それは私を常に導いてくれる金城先生への想いだった。

先生との関わりは、それまで感じない世界に生きる私に、感じる心を芽生えさせてくれた。そんな先生に対してはまるで子供の様に心を開いている自分がいることも感じていた。
「僕を通してでもいいから、自分の感じる心を大切にすること、それがゆうゆを感じるという世界に広がっていくよ」先生が前から私に言っていた言葉。
その時はピンとこなかった私だったが、今何となくその言葉の意味が分かり始めてきた。

「諦めたくない」

無い世界に唯一ある想い。砂漠の中の一輪の花を、娘が摘んで笑顔で私に差し出した様な気がした。この花を受けとりたい。受け取ろう。それは私が初めて持った希望なのだと分かった。自分の中には希望がある、娘に対して何かがある。
何も無いと思っていた絶望から何かを見つけたような安堵感、泣きながらほっとした。そんな思いが今の私にとって生きる上での命綱だった。

「母親として分かっていなくても、できなくても、わが子には伝えていかないといけないことがあるんだよ」
先生の言葉は今の私にはまだ言葉としての段階でしか理解できないが、これから私自身が一つひとつ育て、取り組んでいくことなのだと感じた。

あれから数日たった。私の中であの日の出来事は大きく、今、自分自身を見つめ、向きあっている日々である。
そんな中、娘と買いものへ出かけた時のこと。手をつないでいた娘が突然、「ママ、水槽買って。今度はエビを持って帰りたいから」と言った。そして一人で売り場の方に走って行き、「これこれ」と小さな水槽を差し出した。
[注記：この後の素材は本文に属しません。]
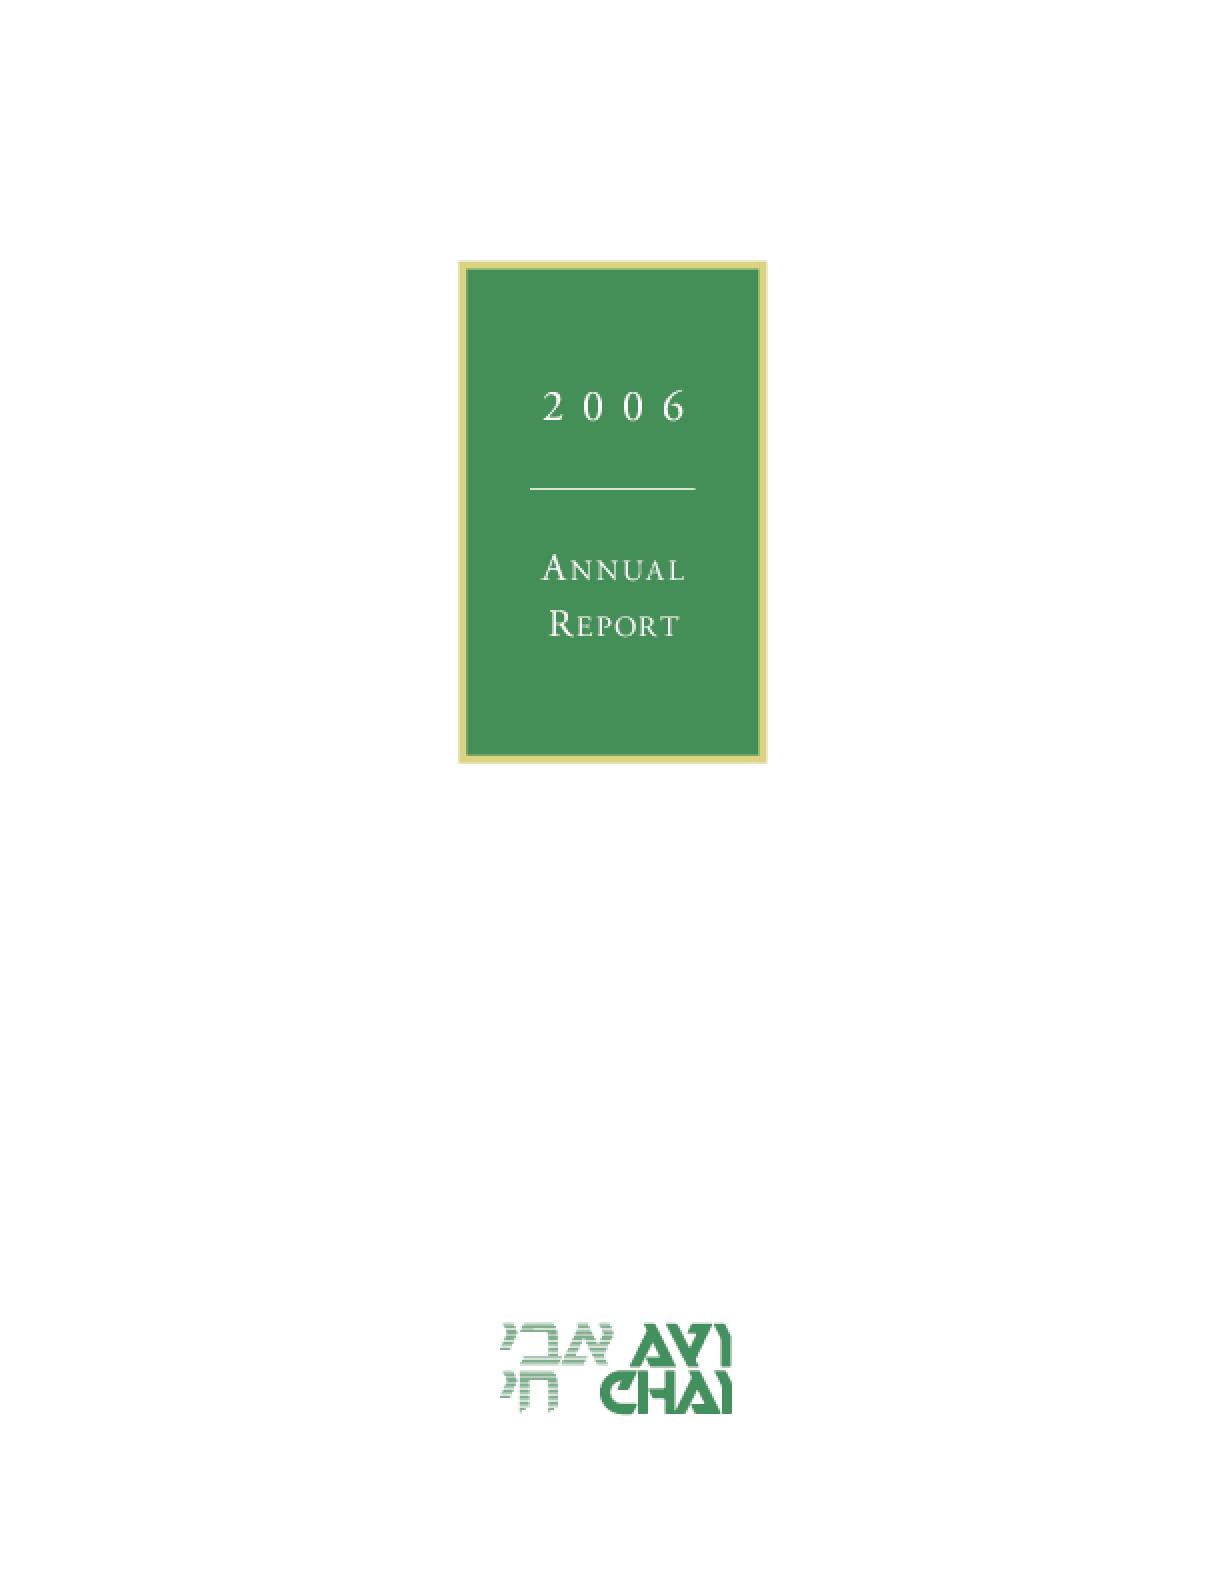 AVI CHAI Foundation - 2006 Annual Report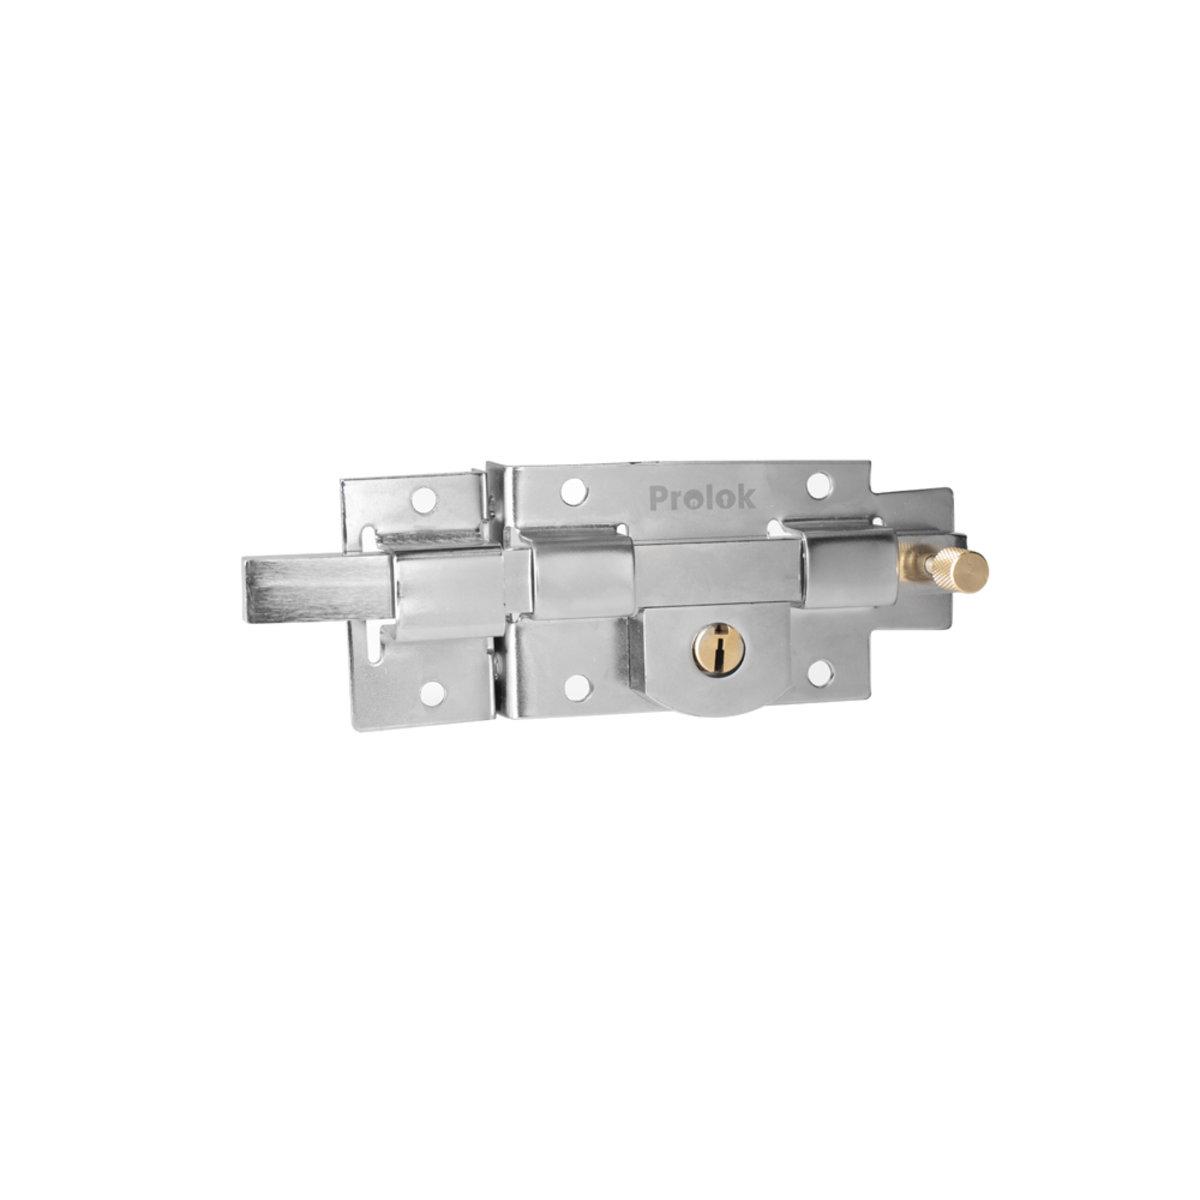 Cerradura barra fija izquierda caja Laton Solido  Prolok

彼女は諦めていなかった。そして自分の希望を叶えるために行動するという一歩を歩き始めていた。母親の私が希望という経験を持つと決めた時、彼女の中の諦めが希望に変わった。

母親の私が何を感じ、何を大切に生きるか、そして子供との関わりから伝わり、伝えていくもの。子供が母親から学ぶこと、それは言葉ではなく、母親自身の生きざまそのものなのだ。
だからこそ、母親の私が今自分自身の中を見つめ、取り組んでいくことが大切なのである。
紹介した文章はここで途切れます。